* DATA BELOW *
<<<<

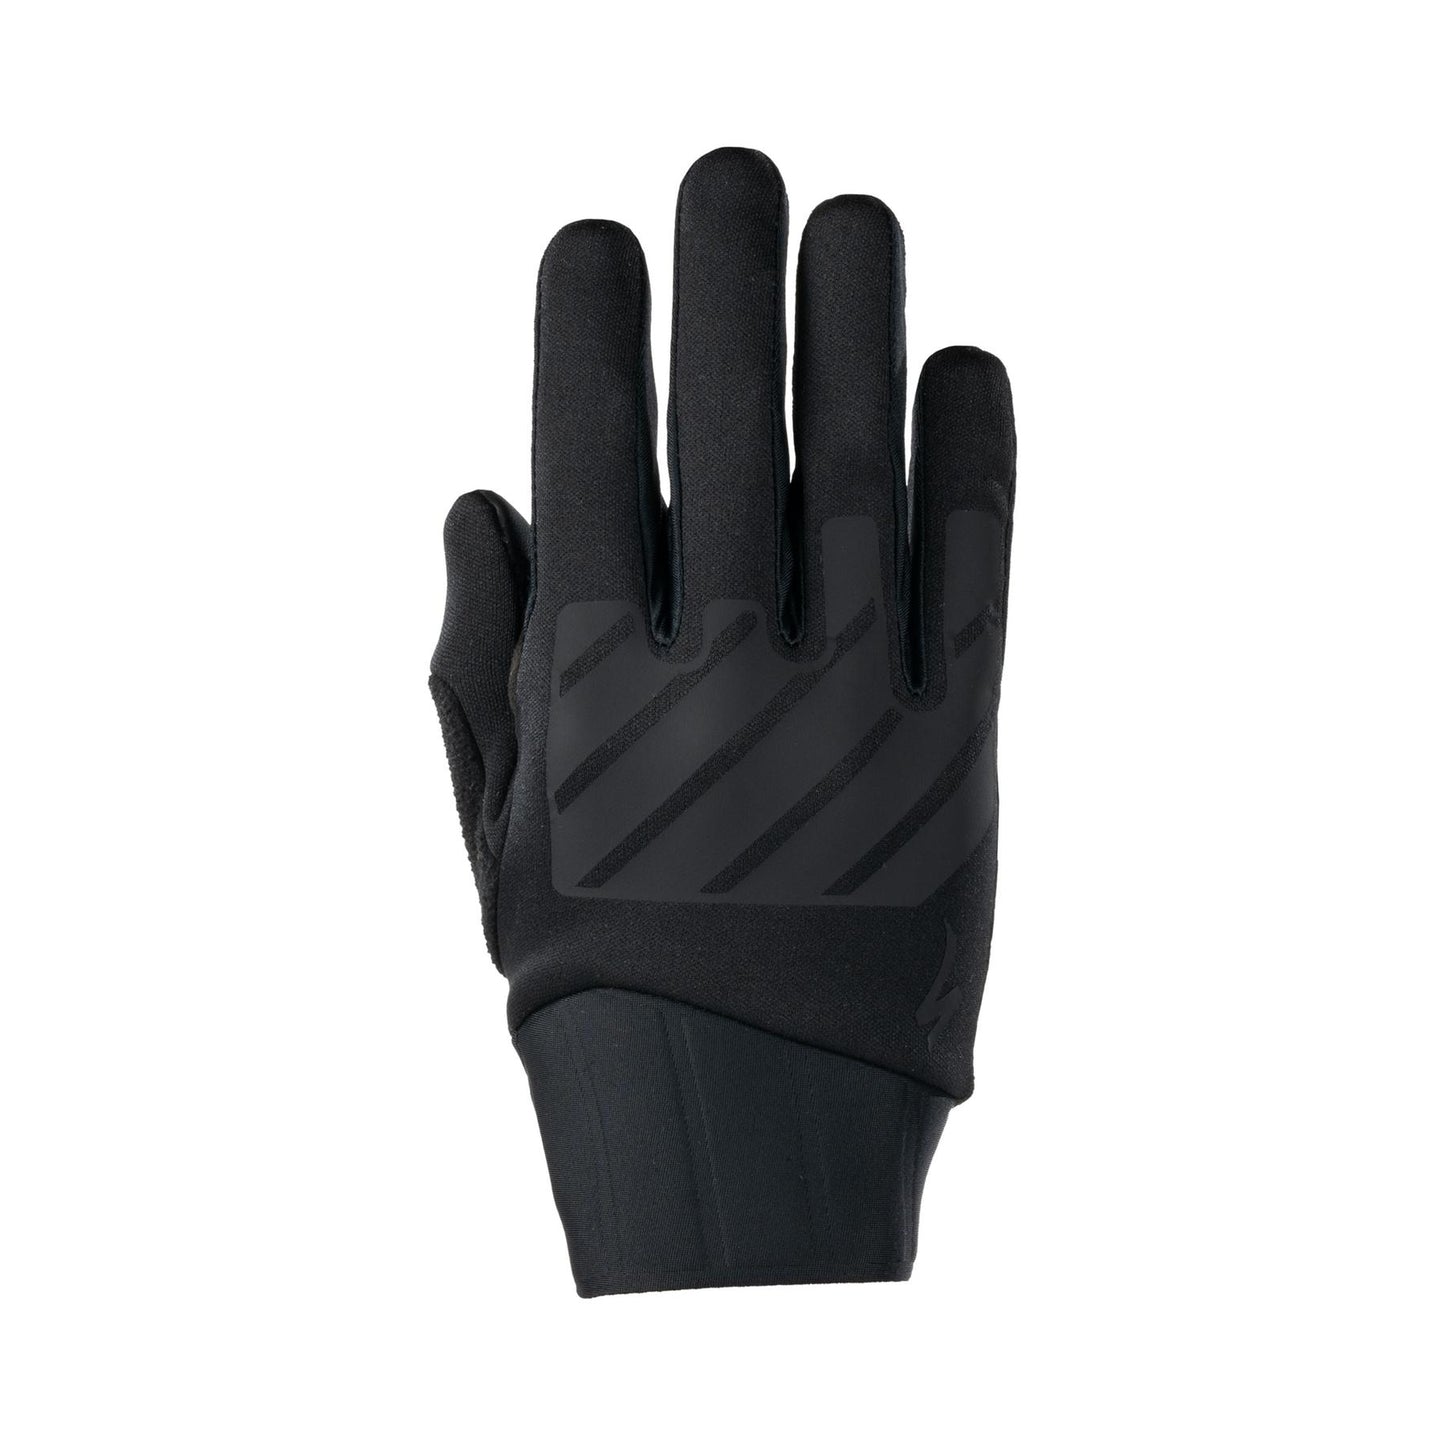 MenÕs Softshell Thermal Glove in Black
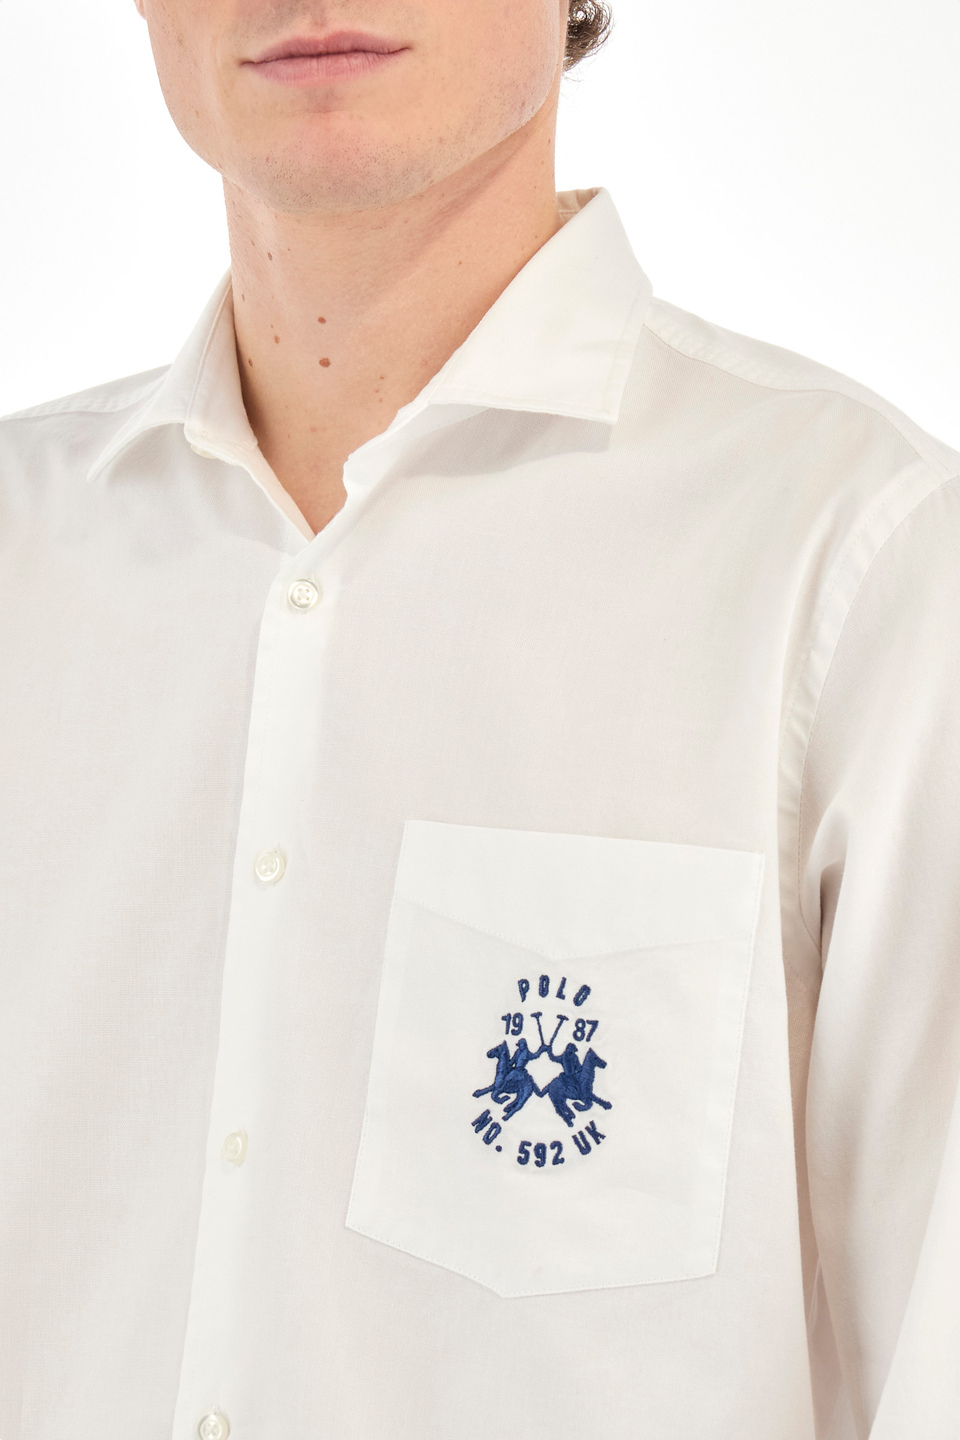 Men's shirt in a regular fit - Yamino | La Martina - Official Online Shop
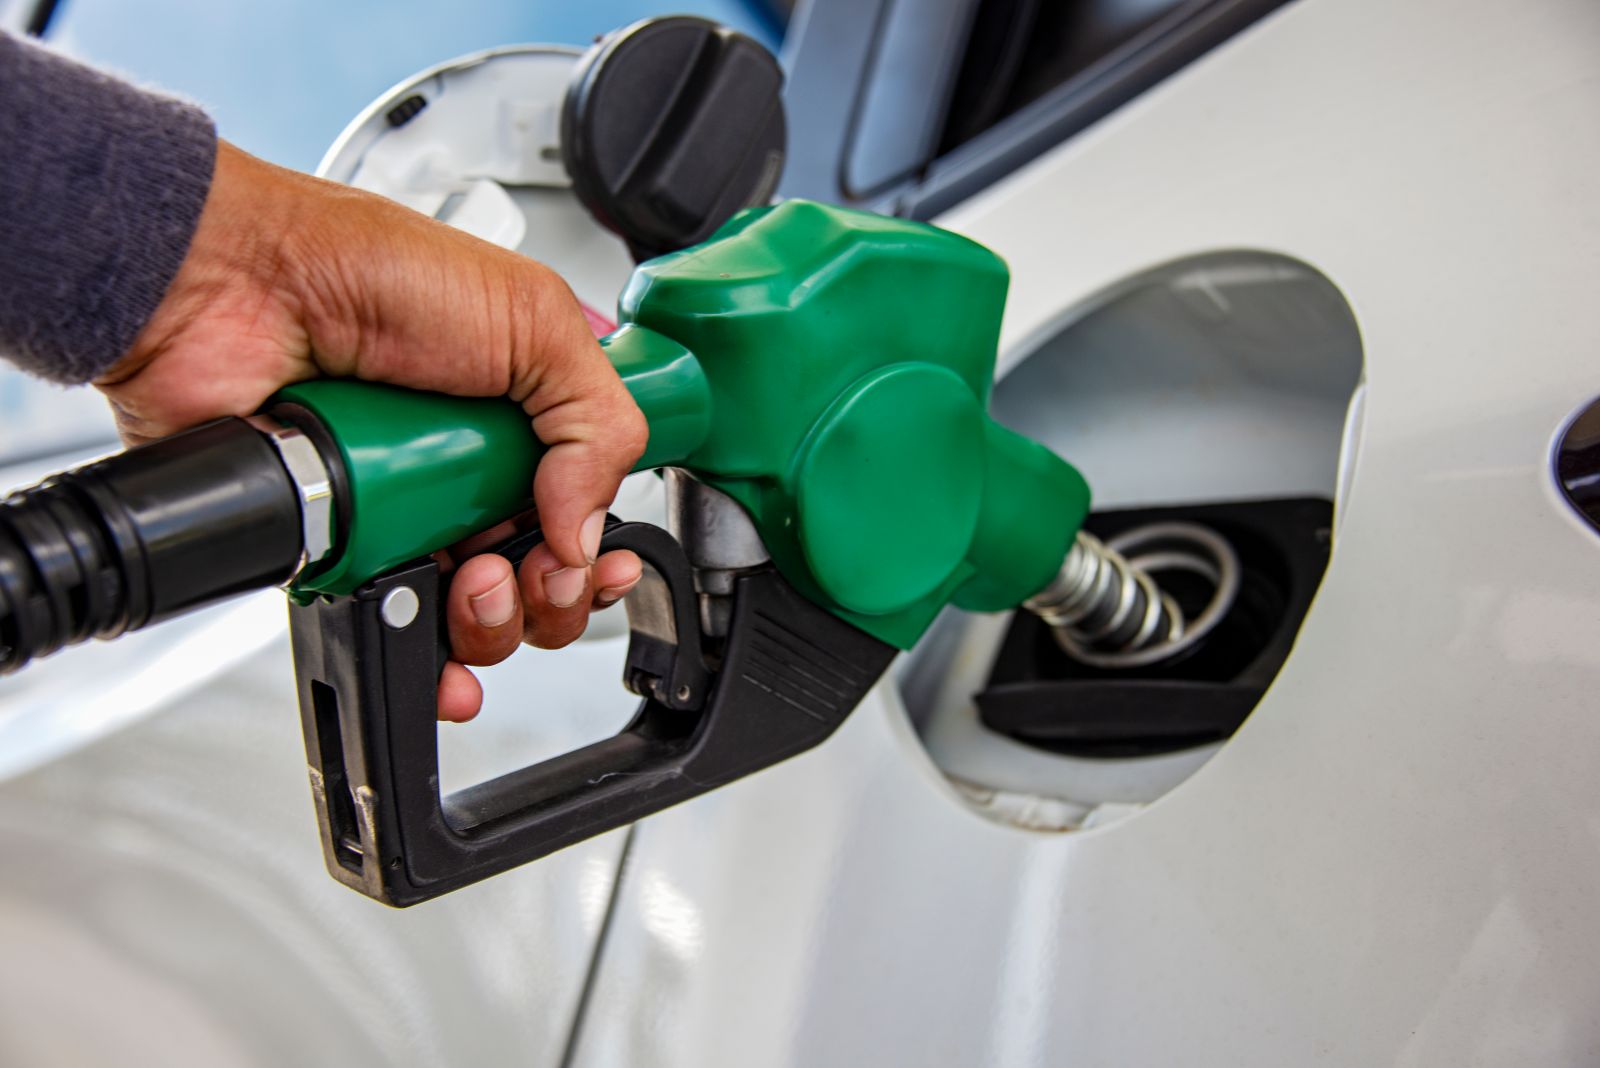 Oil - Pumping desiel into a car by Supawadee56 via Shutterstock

>>>>

* TASK INSTRUCTIONS *
Could you reproduce the data above exactly, without its pictures?

* ANSWER AREA *
 MenÕs Softshell Thermal Glove in Black
 Men's shirt in a regular fit - Yamino | La Martina - Official Online Shop
 Oil - Pumping desiel into a car by Supawadee56 via Shutterstock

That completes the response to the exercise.